Wednesday 28 April 2010

Fruits of Lectio Divina - April 28


Today Holy Mother Church honours the merits of the great Saints Paul of the Cross and Louis-Marie de Monfort and begs for their most powerful intercession. The Epistle is taken from 1 Corinthians 1: 17-25:

A dichotomy is set up by the Apostle concerning the wisdom of God and the supposed wisdom of this passing world. The Cross of our Lord is mere folly for the scholars, intellectuals and the self-proclaimed wise, as who has ever heard of a crucified Messias?
The Old Testament states 'cursed is the man who hangs upon a tree', yet our Lord takes upon the curse, that is our death, the punishment of our first parent and redeems us through His most Precious Blood. Is death not a failure? Is it not the triumph of darkness over the human person who wishes to preserve himself? However, our Lord's perfect act of satisfaction confounds all categories of simple human thinking, classification and systematization. The ineffable Word of the Father sets aside the glory according to His Divine nature, takes on the form of a servant is beholded by men in the flesh.

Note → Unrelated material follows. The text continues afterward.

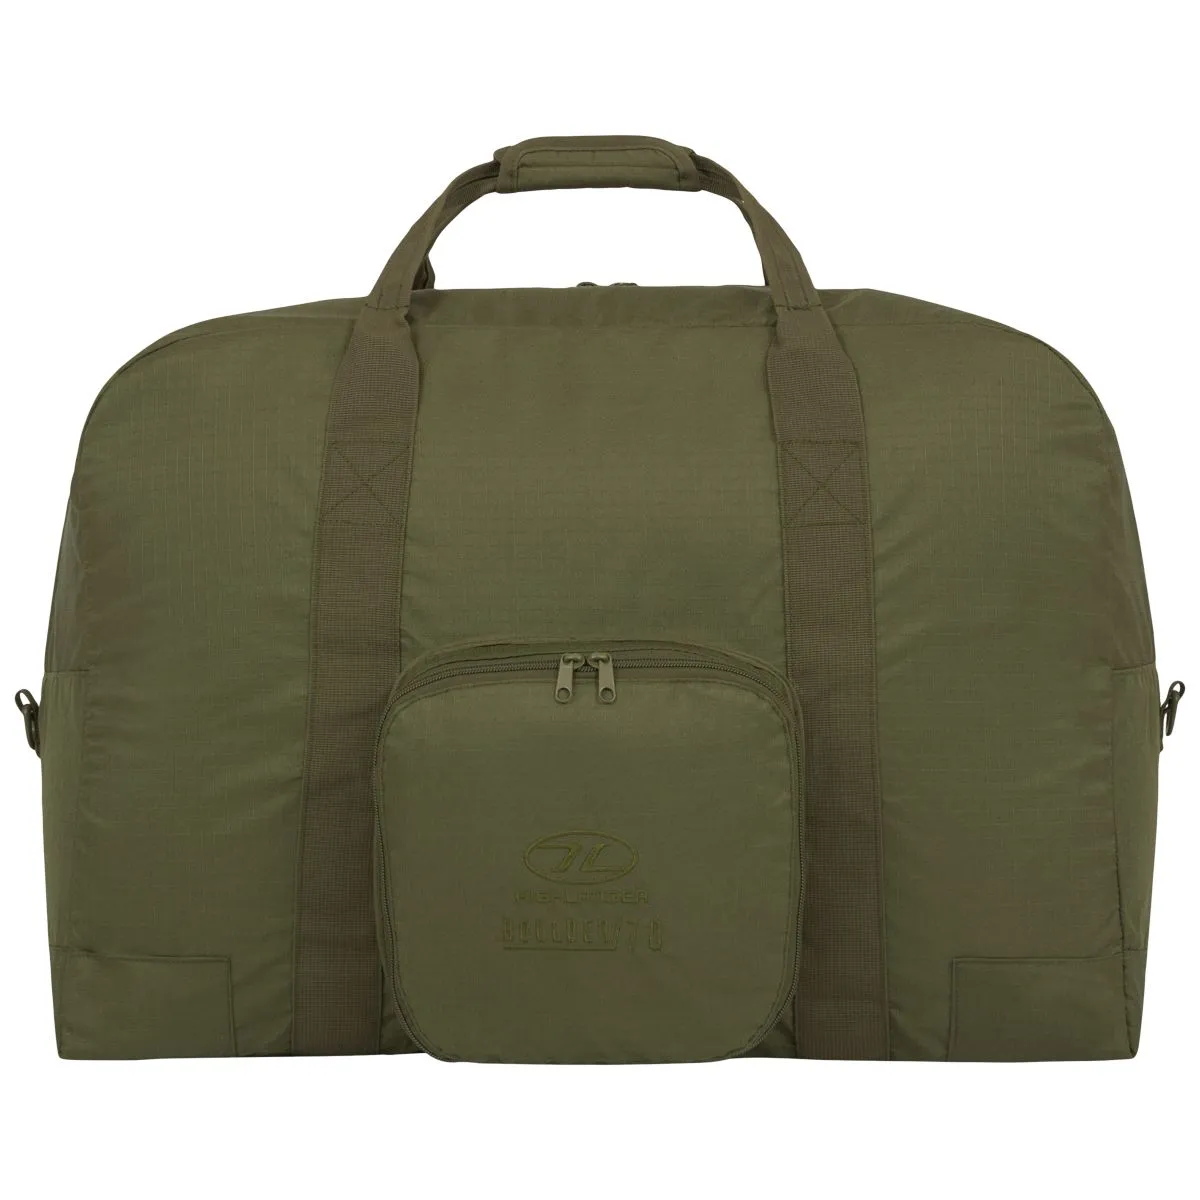 Boulder Duffle Bag 70l- 3 colour choices

Only those with the eye and mind of faith can accept this act of divine condescension. The image of the Crucified One is a folly of great treasure, whose worth is hidden to those who look only with eyes of flesh. On the other hand we must walk by faith and not by sight, as we have been called from all eternity from the lump of perdition (mass perditionis) deserving of punishment, to be holy and blameless before Him.

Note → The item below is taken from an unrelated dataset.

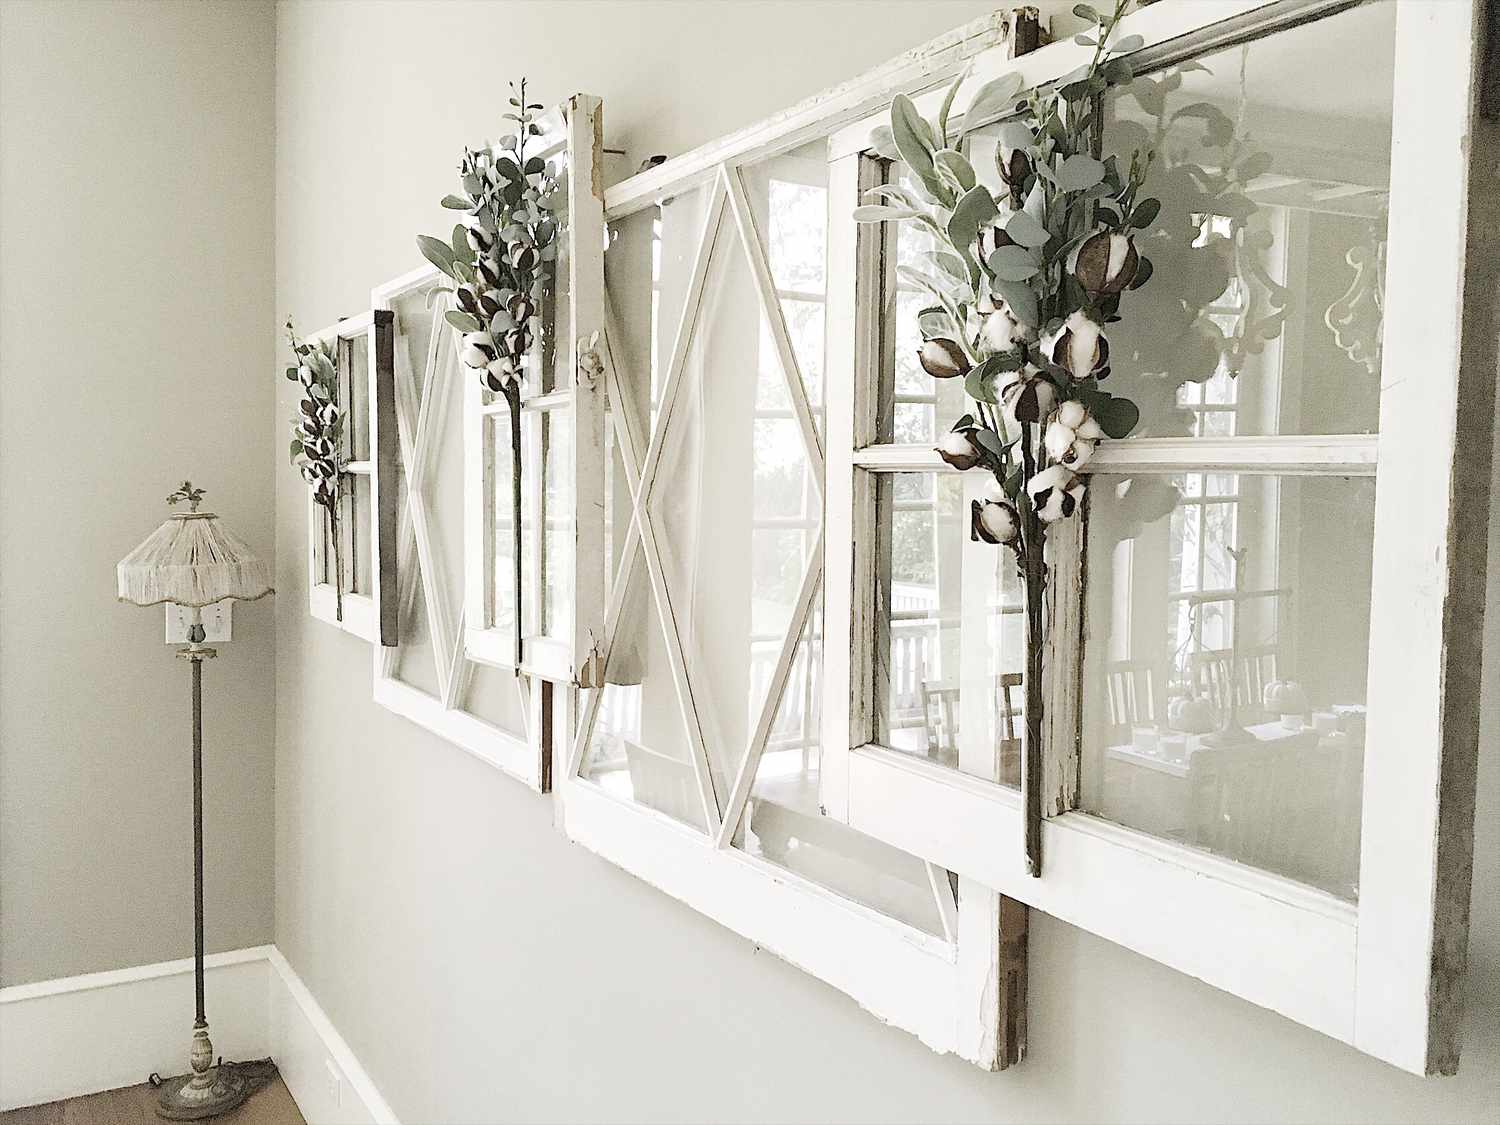 Eine Deko-Idee mit Fensterrahmen, indem man mehrere Fenster an eine Wand hängt

Anyone can be persuaded to adopt any kind of position. One can be convinced to become a Communist, a vegetarian, a teetotaller, yet it is only by the operation of the Holy Spirit that a creature of wrath by nature can cry out 'Abba, Father' and trust in the Cross of the Living One. Such is an encounter with a Person, an event, not an abstract system of thought. The Apostle shows this when he says that he was sent by the Lord to preach the Good News, 'not in wisdom of speech, lest the cross of Christ should be made void'. He put forward no display of oratory or philosophy, but preached with clarity and a virtuous life the mystery of divine love. This call to love, which forms our being, carries us out of Egypt, leaving behind the givens and norms of sinful society into an union through grace.
Such a reality defies human thought and must be embraced in silence with reverence and awe.